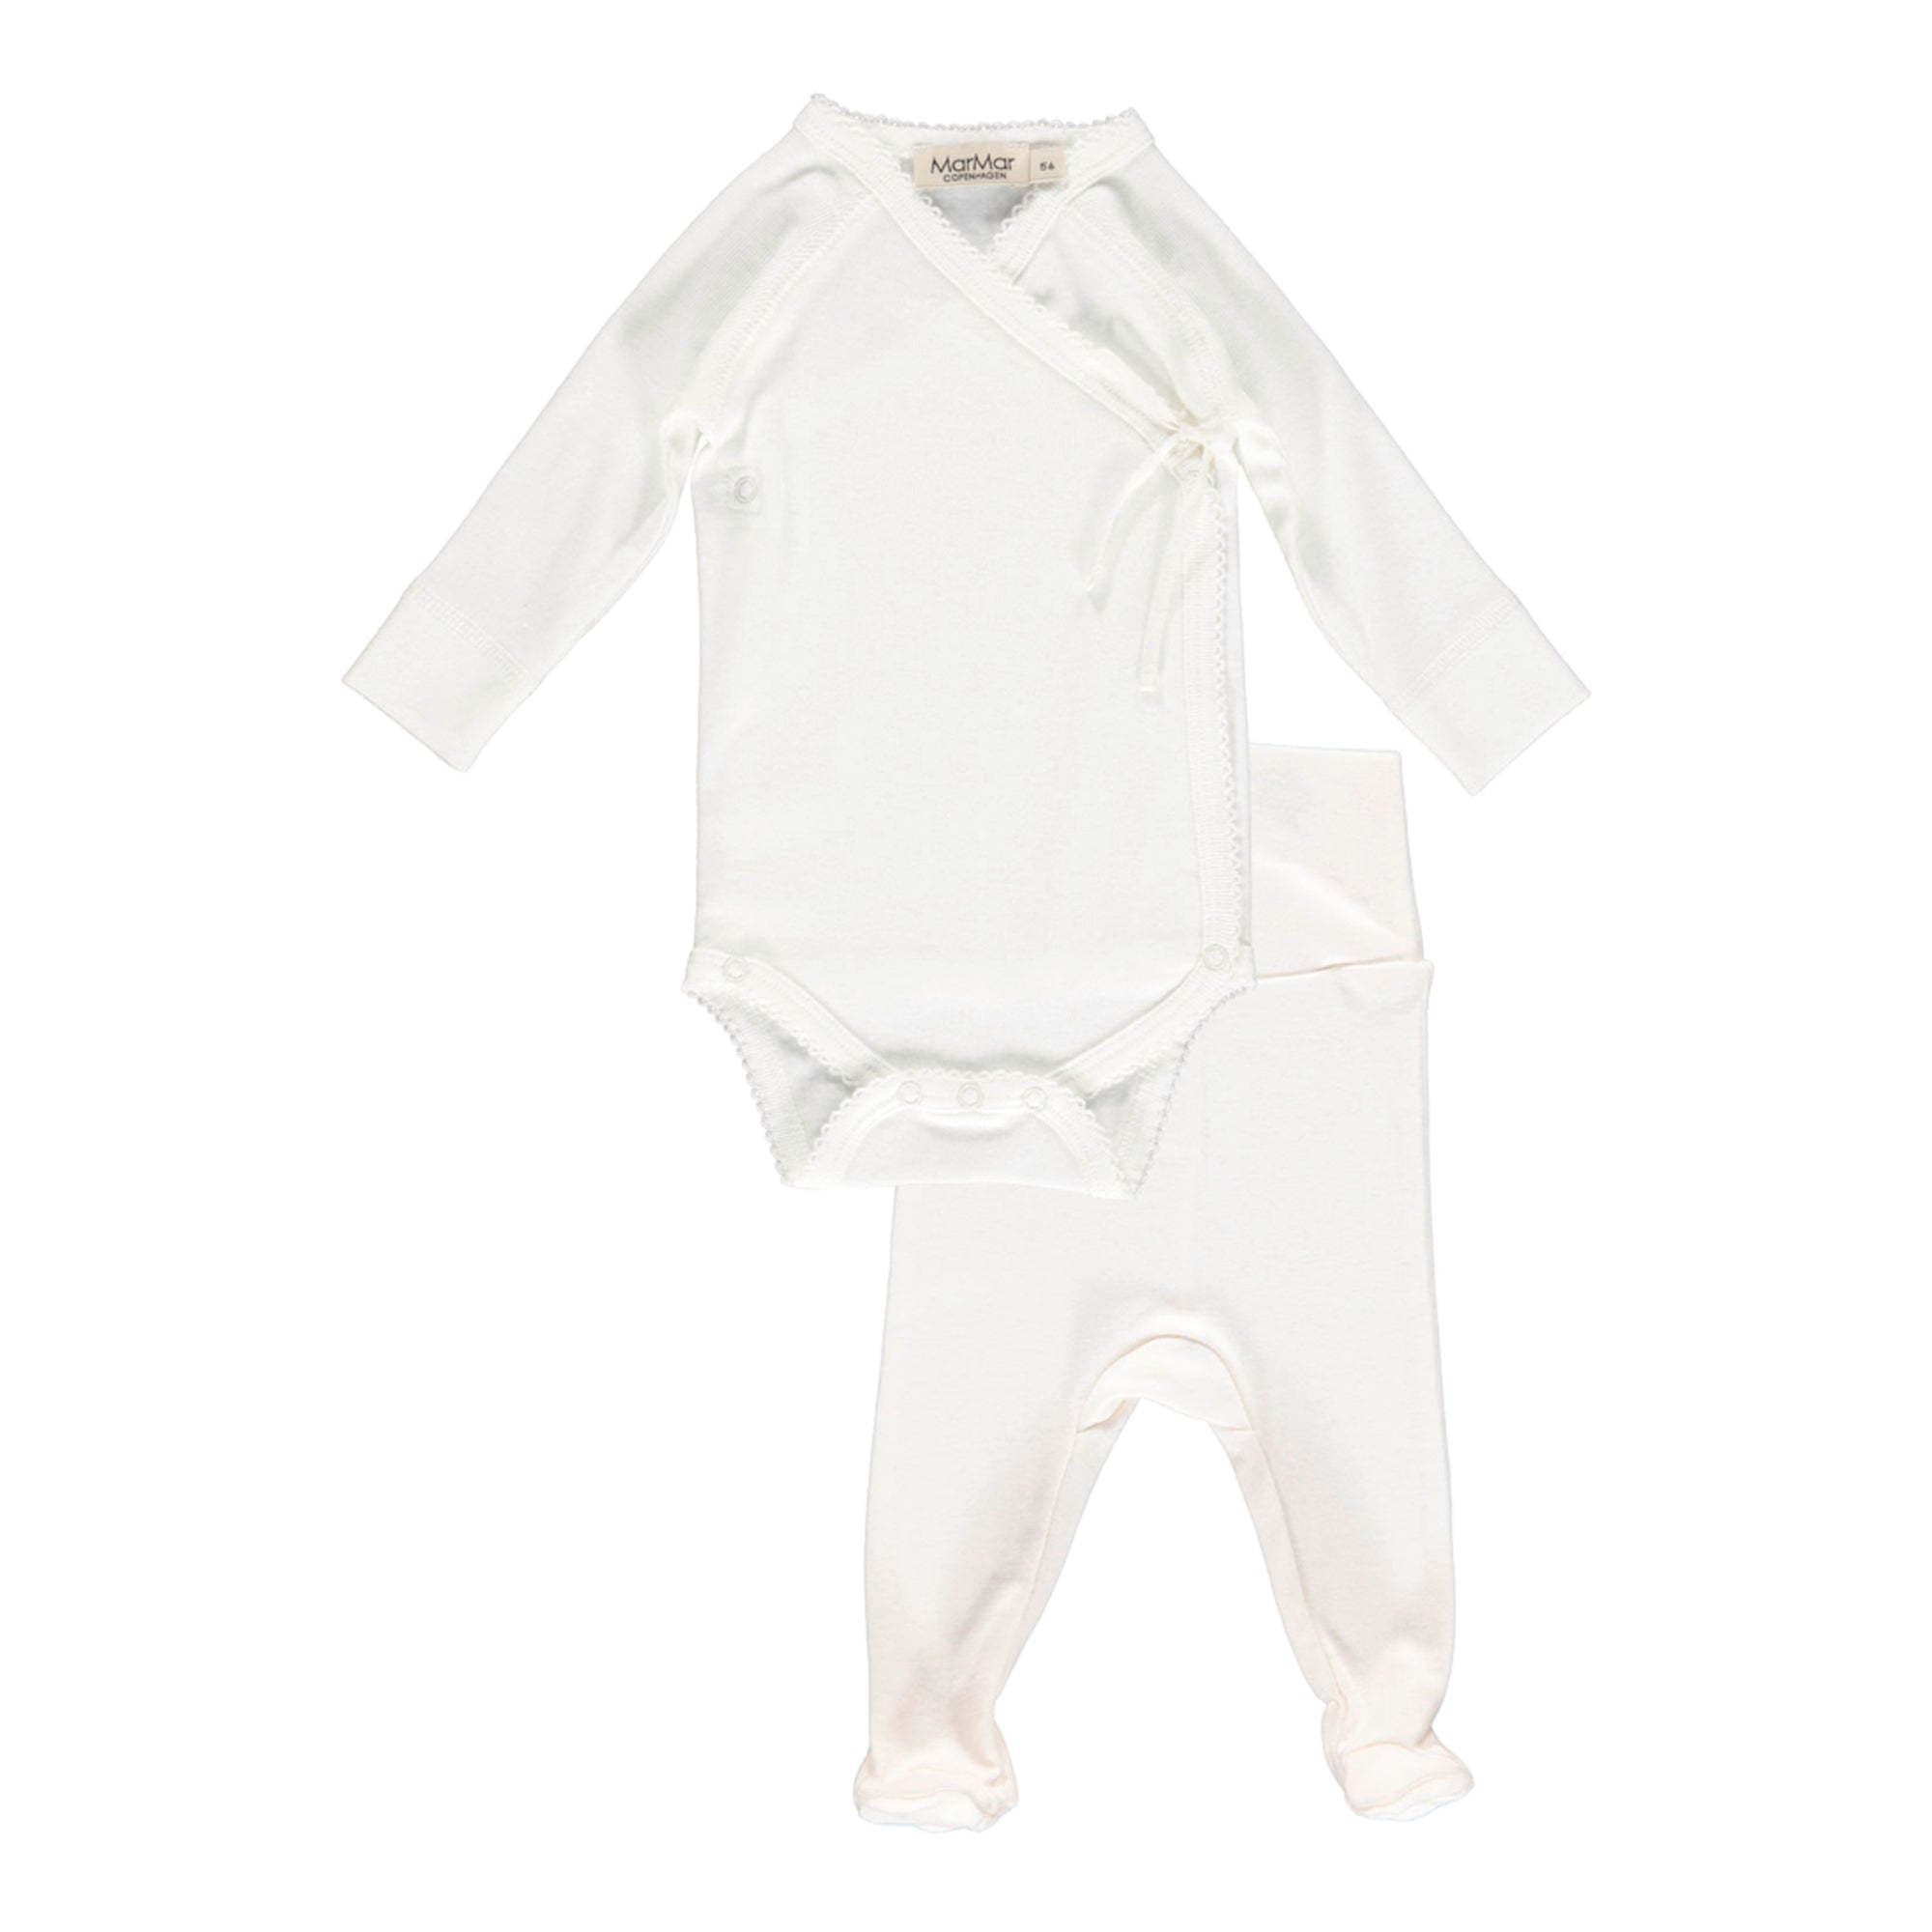 Baby Boys & Girls White Babysuit Set
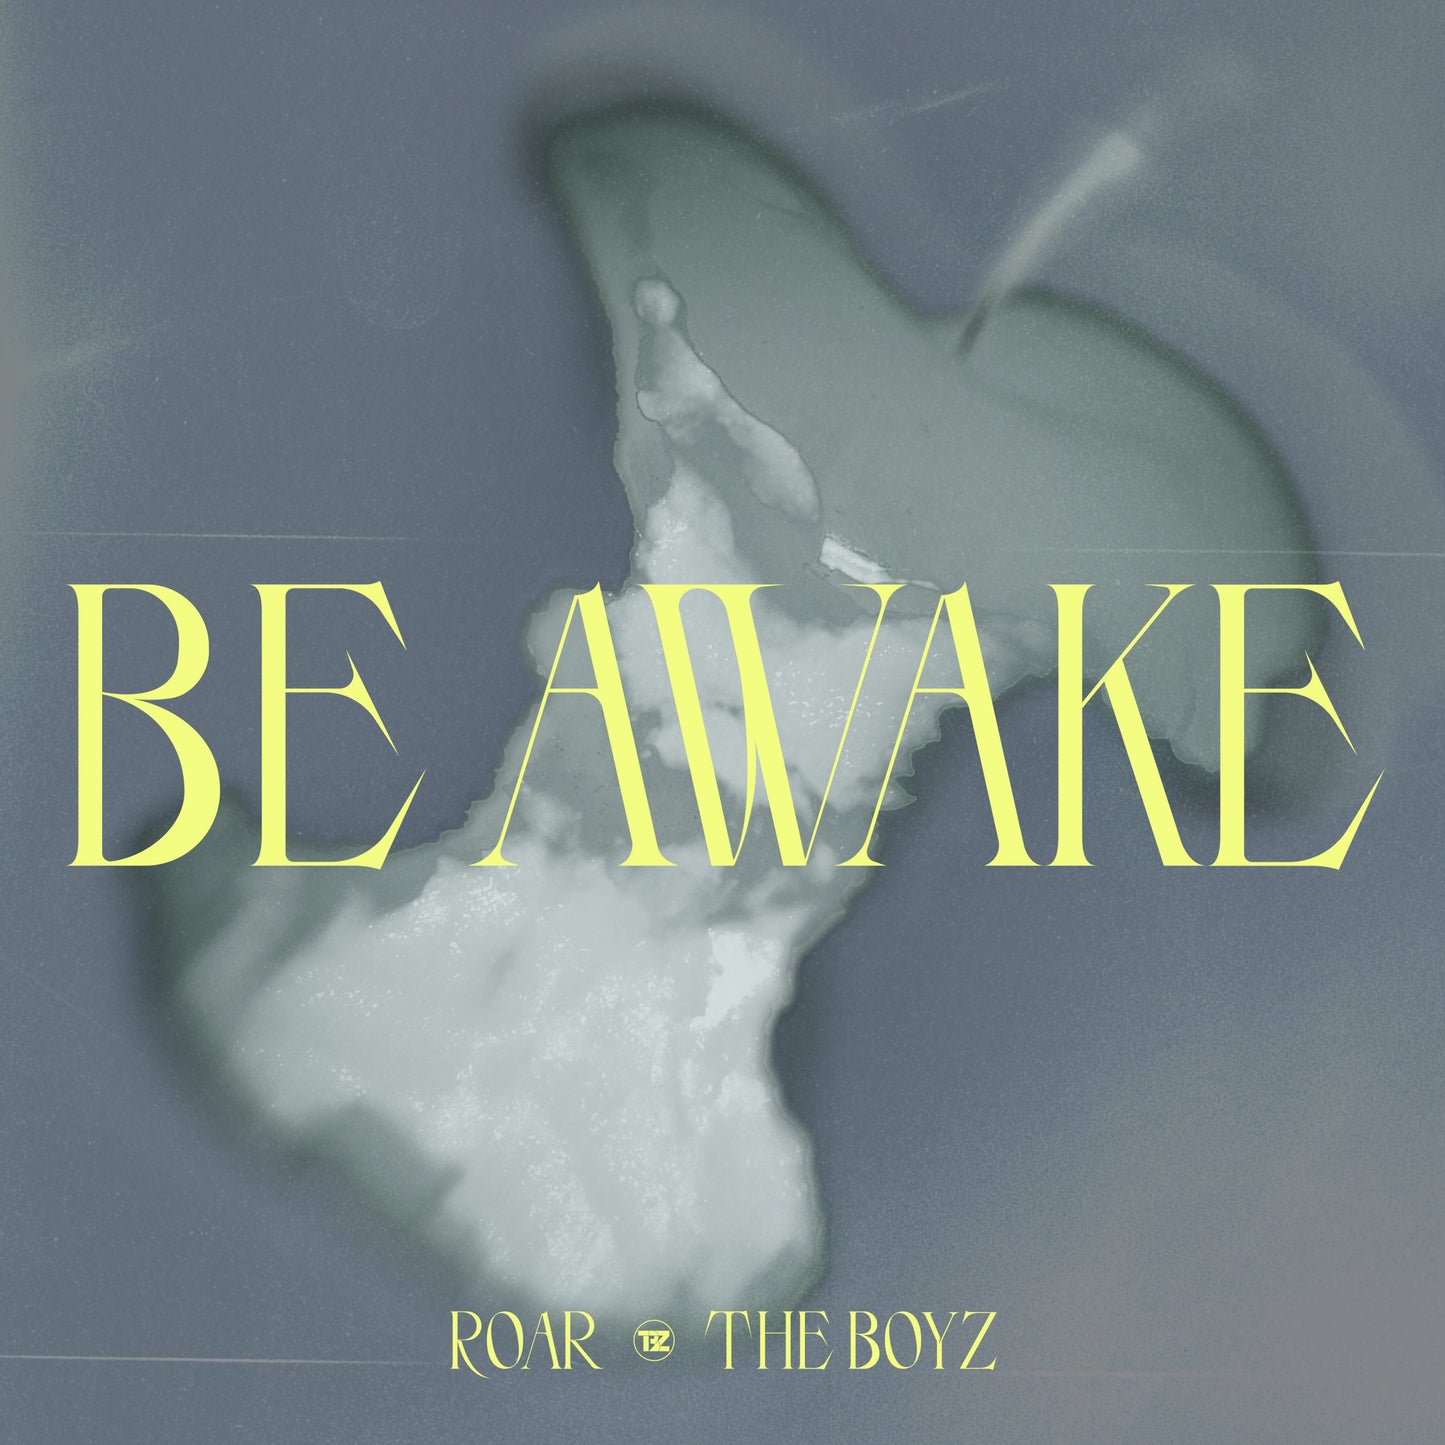 The Boyz - Be Awake (ROAR)
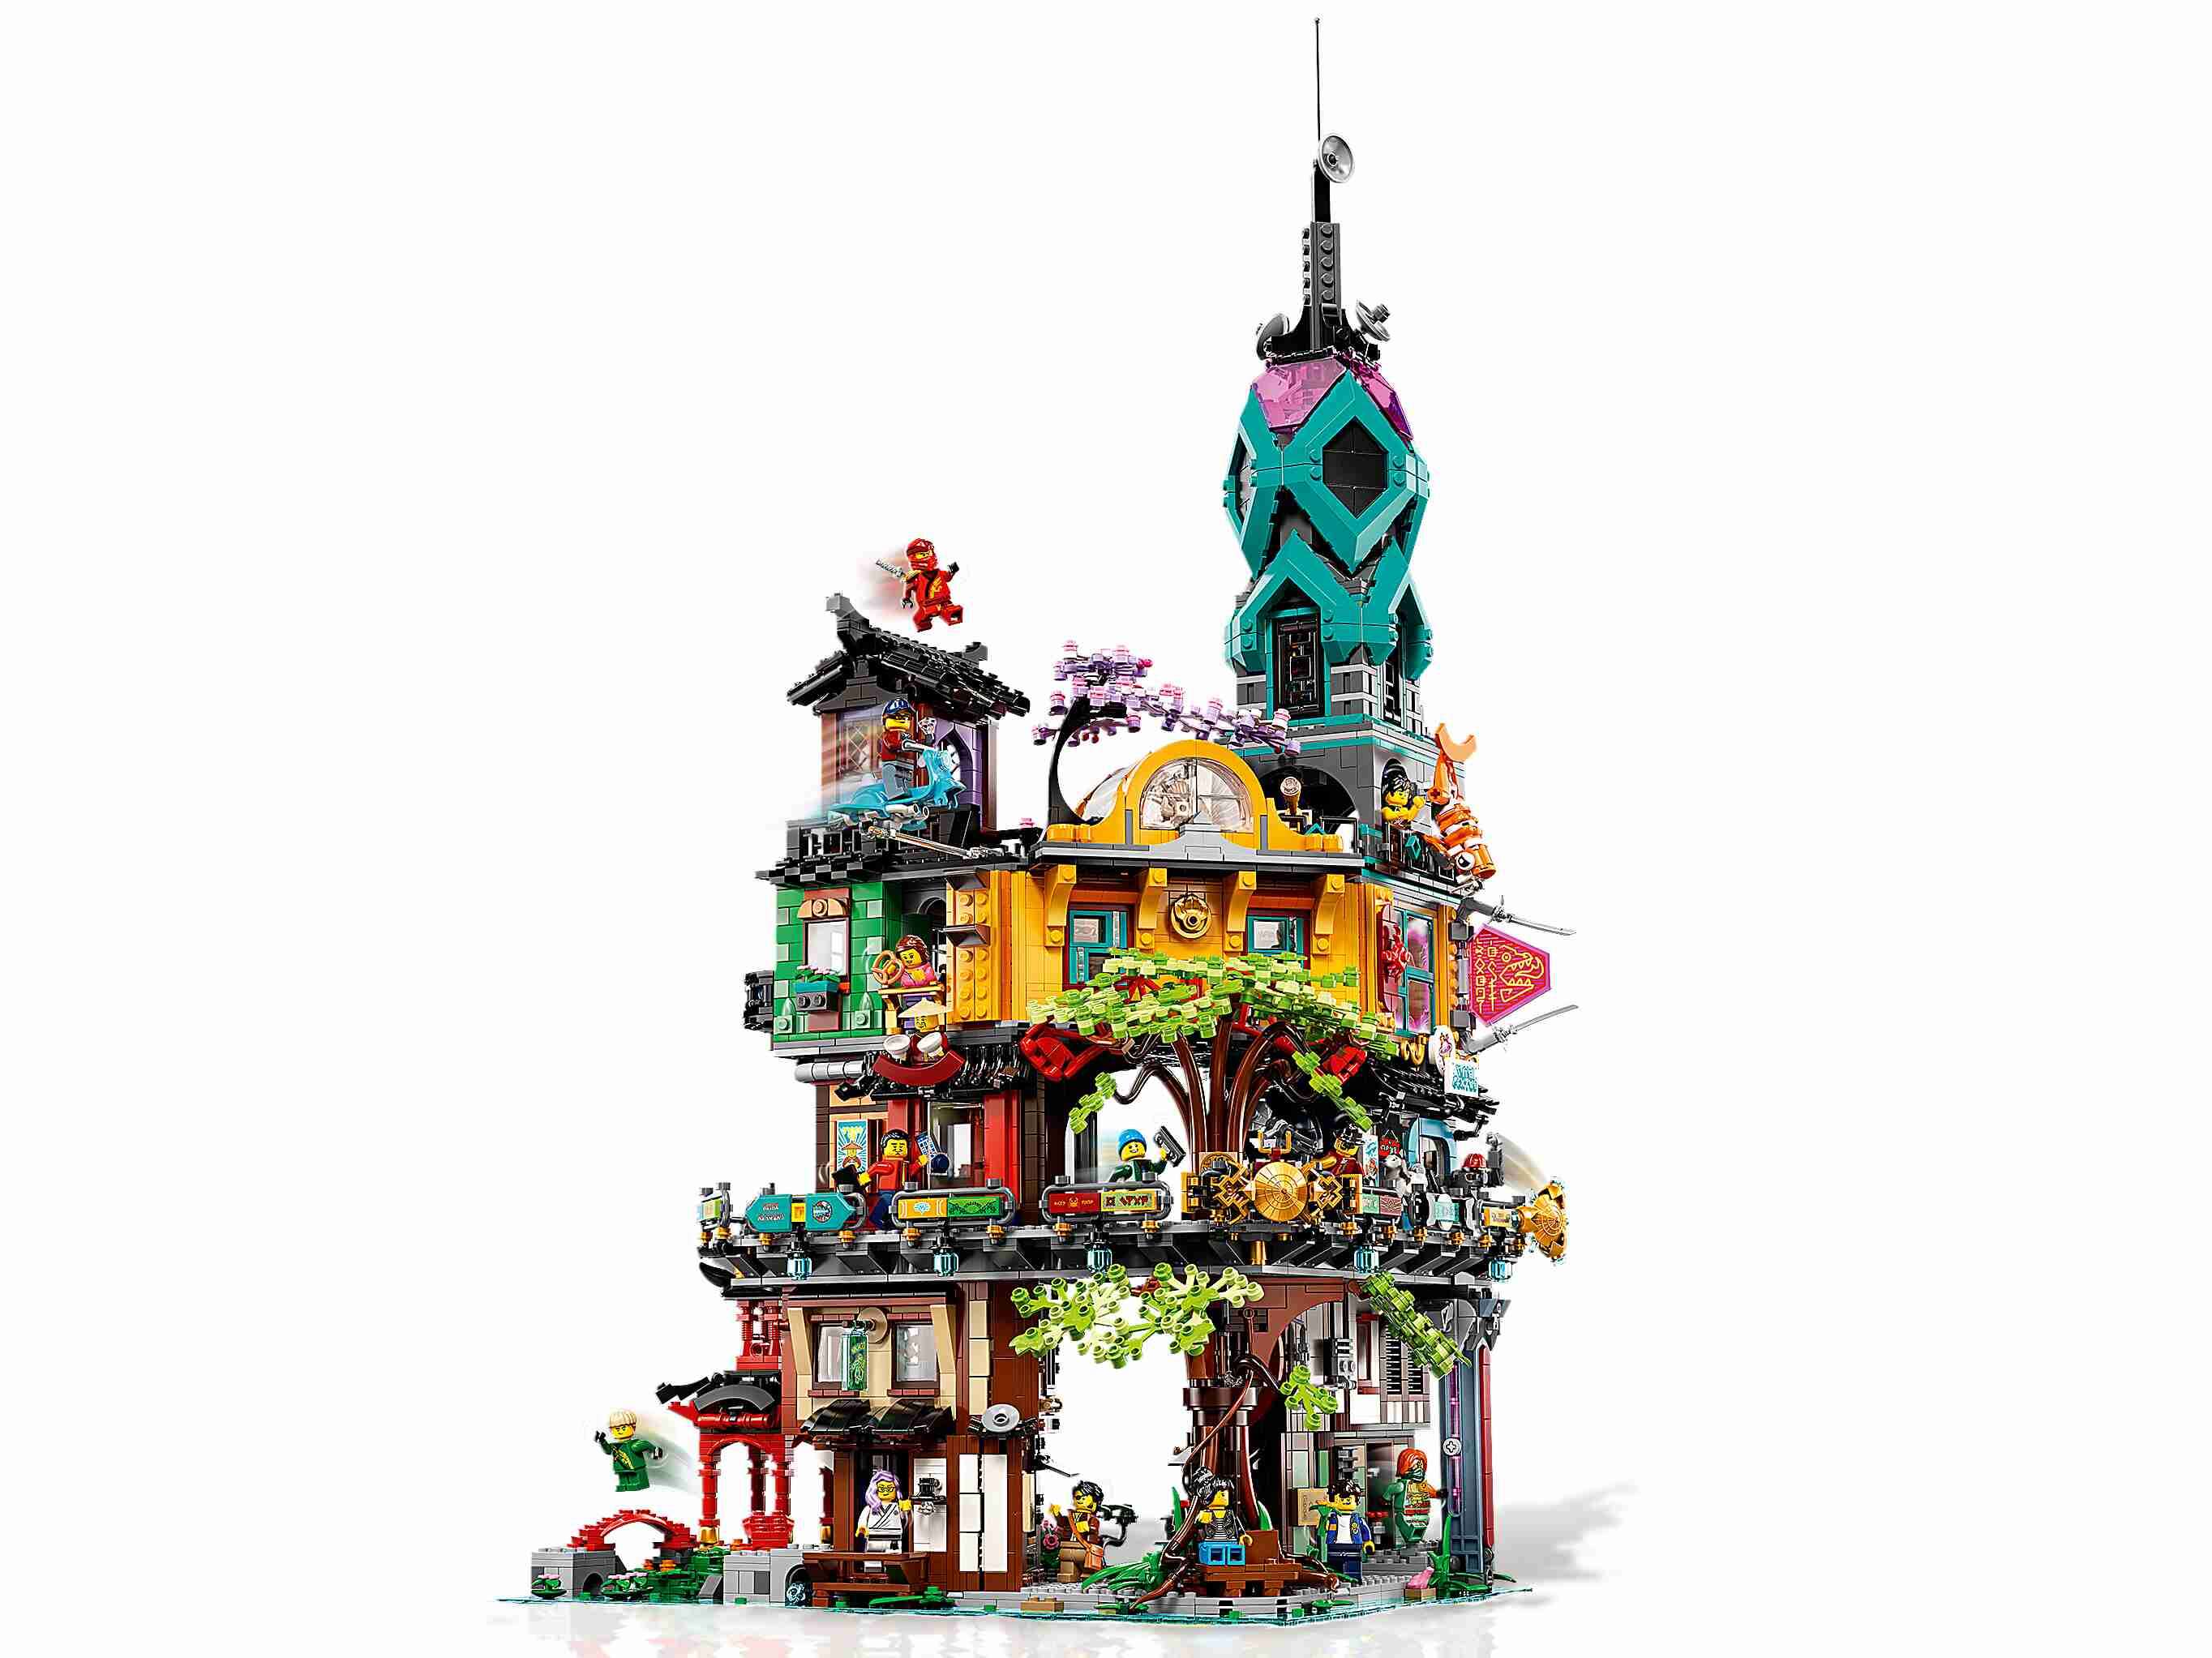 LEGO 71741 NINJAGO Die Gärten von NINJAGO City, 3 detailreiche Ebenen 19 Figuren

TRY IT
Starting with the top line, write out all the data above exactly; keep the pictures out.

WORKED SOLUTION
 Baby Boys & Girls White Babysuit Set
 The Boyz - Be Awake (ROAR)
 LEGO 71741 NINJAGO Die Gärten von NINJAGO City, 3 detailreiche Ebenen 19 Figuren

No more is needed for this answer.